I'm at odds. A part of me wants to write the store an anonymous letter. Is that an appropriate response? I feel like the situation could have been handled more quietly, more gracefully.
Am I just projecting my own feelings onto things?
7 Comments:
At 12:12 PM, Anonymous said…
Instead of dwelling on the negative aspect of this experience, which is YOUR take on it, you as the observer, why not be grateful that your friend has the EBT card which allows her to buy food to feed her family. You can't really call it a stigma because you don't know the circumstances. It can be seen as a total blessing.
(P.S. - I'm in the process of declaring bankruptcy.

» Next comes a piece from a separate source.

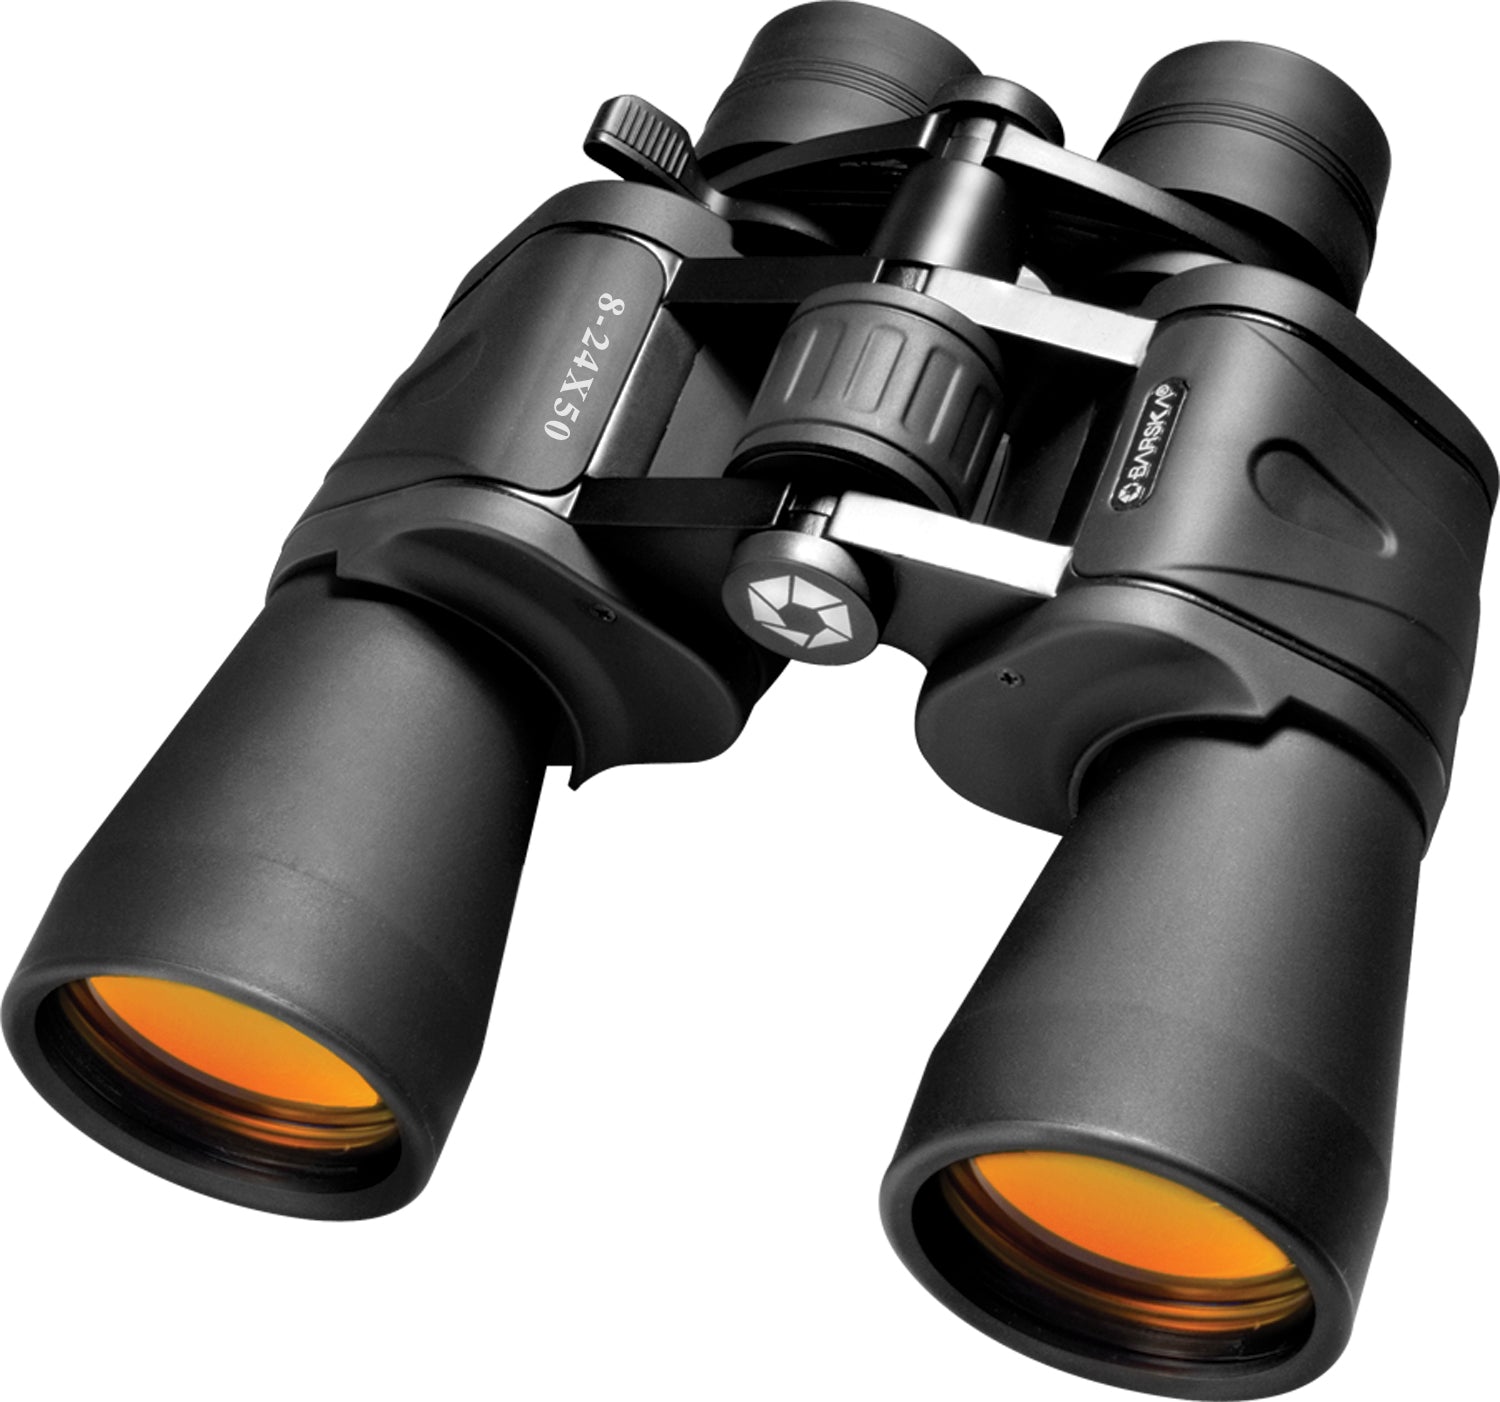 BARSKA Gladiator Zoom Binoculars, 8-24 x 50mm - AB11180

One does what one has to do to survive)
At 12:45 PM, Maven said…
i agree with you 100% - what a blessing that this large family has this assistance. of course, no doubt of that.
however, despite the fact that assistance is a help and a blessing, i don't think anyone is thrilled to have to take/need it.
but i hear what you're saying, and that's why i wanted to point out that i was wondering if i was just "projecting."
At 5:53 PM, Anonymous said…
I would speak to the store manager personally and talk about all the cashiers maintaining people's privacy and dignity as much as possible, not just that particular cashier. Everyone needs an occasional reminder about sensitivity.
While this might possibly not be the case for your friend, many people don't see receiving assistance as a stigma. you might also reinforce that you don't think so by treating your friend in exactly the same manner that you did before you saw the card. Let her know that it doesn't matter to you by not letting it matter to you.
At 1:31 PM, Wendy said…
I would absolutely talk to the store manager, also. There is no reason to even take the chance of embarrassing someone - it's just unnecessary and unkind. Compassion and discretion are traits I would think any store would want their employees to have.
Happy Thanksgiving.
At 8:57 PM, Dinosaur Mom said…
You are projecting, but that's not necessarily a bad thing. It's one of the cornerstones of empathy. Better you should send a signed letter or talk to the manager than do something anonymously, though.